BMC Bioinformatics (Jan 2022)

A novel nonparametric computational strategy for identifying differential methylation regions

  • Xifang Sun,
  • Donglin Wang,
  • Jiaqiang Zhu,
  • Shiquan Sun

DOI
https://doi.org/10.1186/s12859-022-04563-8
Journal volume & issue
Vol. 23, no. S1
pp. 1 – 10

Abstract

Read online

Abstract Background DNA methylation has long been known as an epigenetic gene silencing mechanism. For a motivating example, the methylomes of cancer and non-cancer cells show a number of methylation differences, indicating that certain features characteristics of cancer cells may be related to methylation characteristics. Robust methods for detecting differentially methylated regions (DMRs) could help scientists narrow down genome regions and even find biologically important regions. Although some statistical methods were developed for detecting DMR, there is no default or strongest method. Fisher’s exact test is direct, but not suitable for data with multiple replications, while regression-based methods usually come with a large number of assumptions. More complicated methods have been proposed, but those methods are often difficult to interpret. Results In this paper, we propose a three-step nonparametric kernel smoothing method that is both flexible and straightforward to implement and interpret.
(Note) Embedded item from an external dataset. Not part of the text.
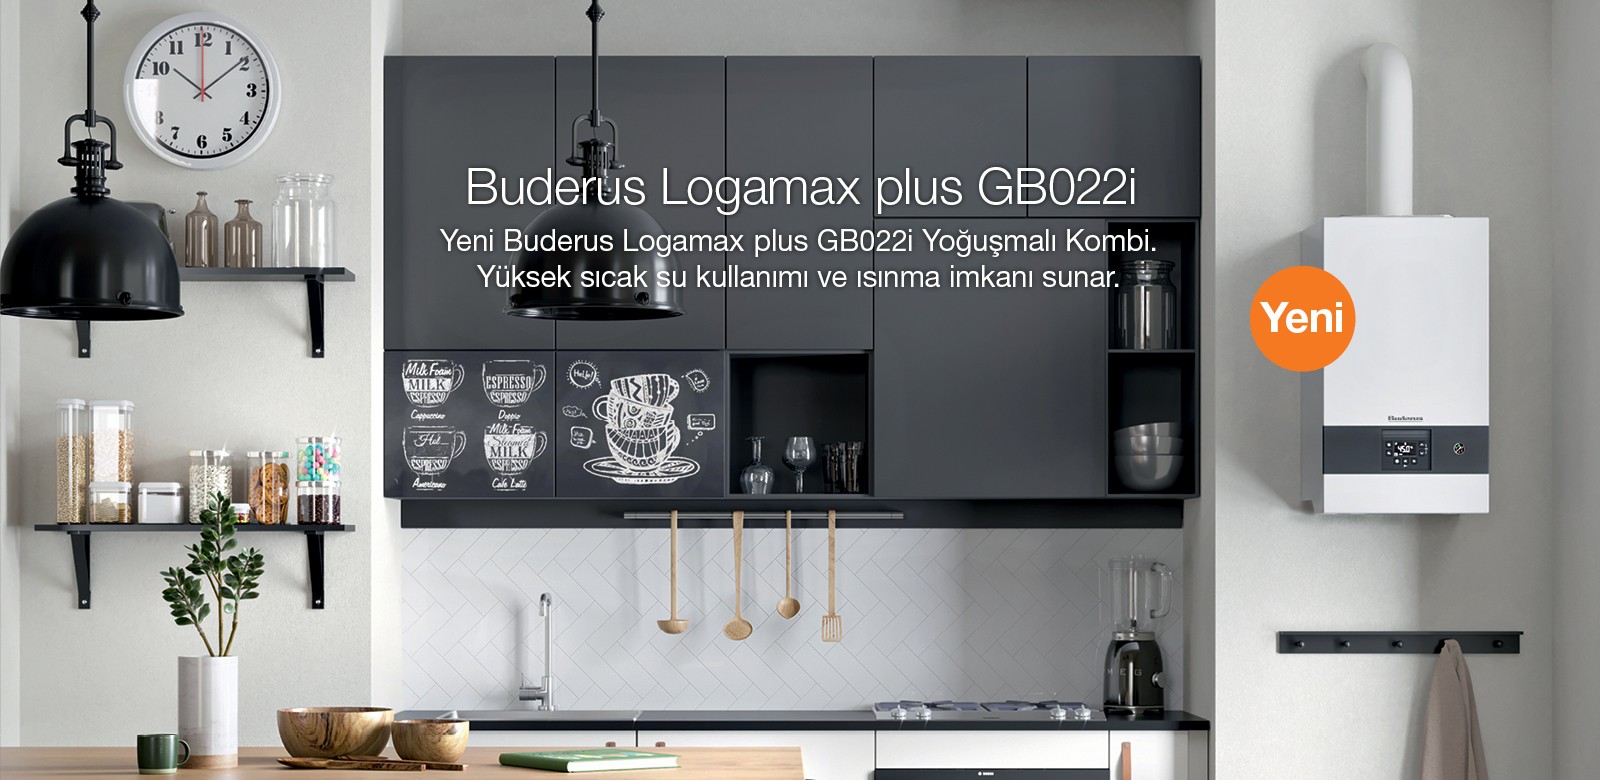 Logamax plus GB022i

The proposed method relies on local quadratic fitting to find the set of equilibrium points (points at which the first derivative is 0) and the corresponding set of confidence windows. Potential regions are further refined using biological criteria, and finally selected based on a Bonferroni adjusted t-test cutoff. Using a comparison of three senescent and three proliferating cell lines to illustrate our method, we were able to identify a total of 1077 DMRs on chromosome 21. Conclusions We proposed a completely nonparametric, statistically straightforward, and interpretable method for detecting differentially methylated regions. Compared with existing methods, the non-reliance on model assumptions and the straightforward nature of our method makes it one competitive alternative to the existing statistical methods for defining DMRs.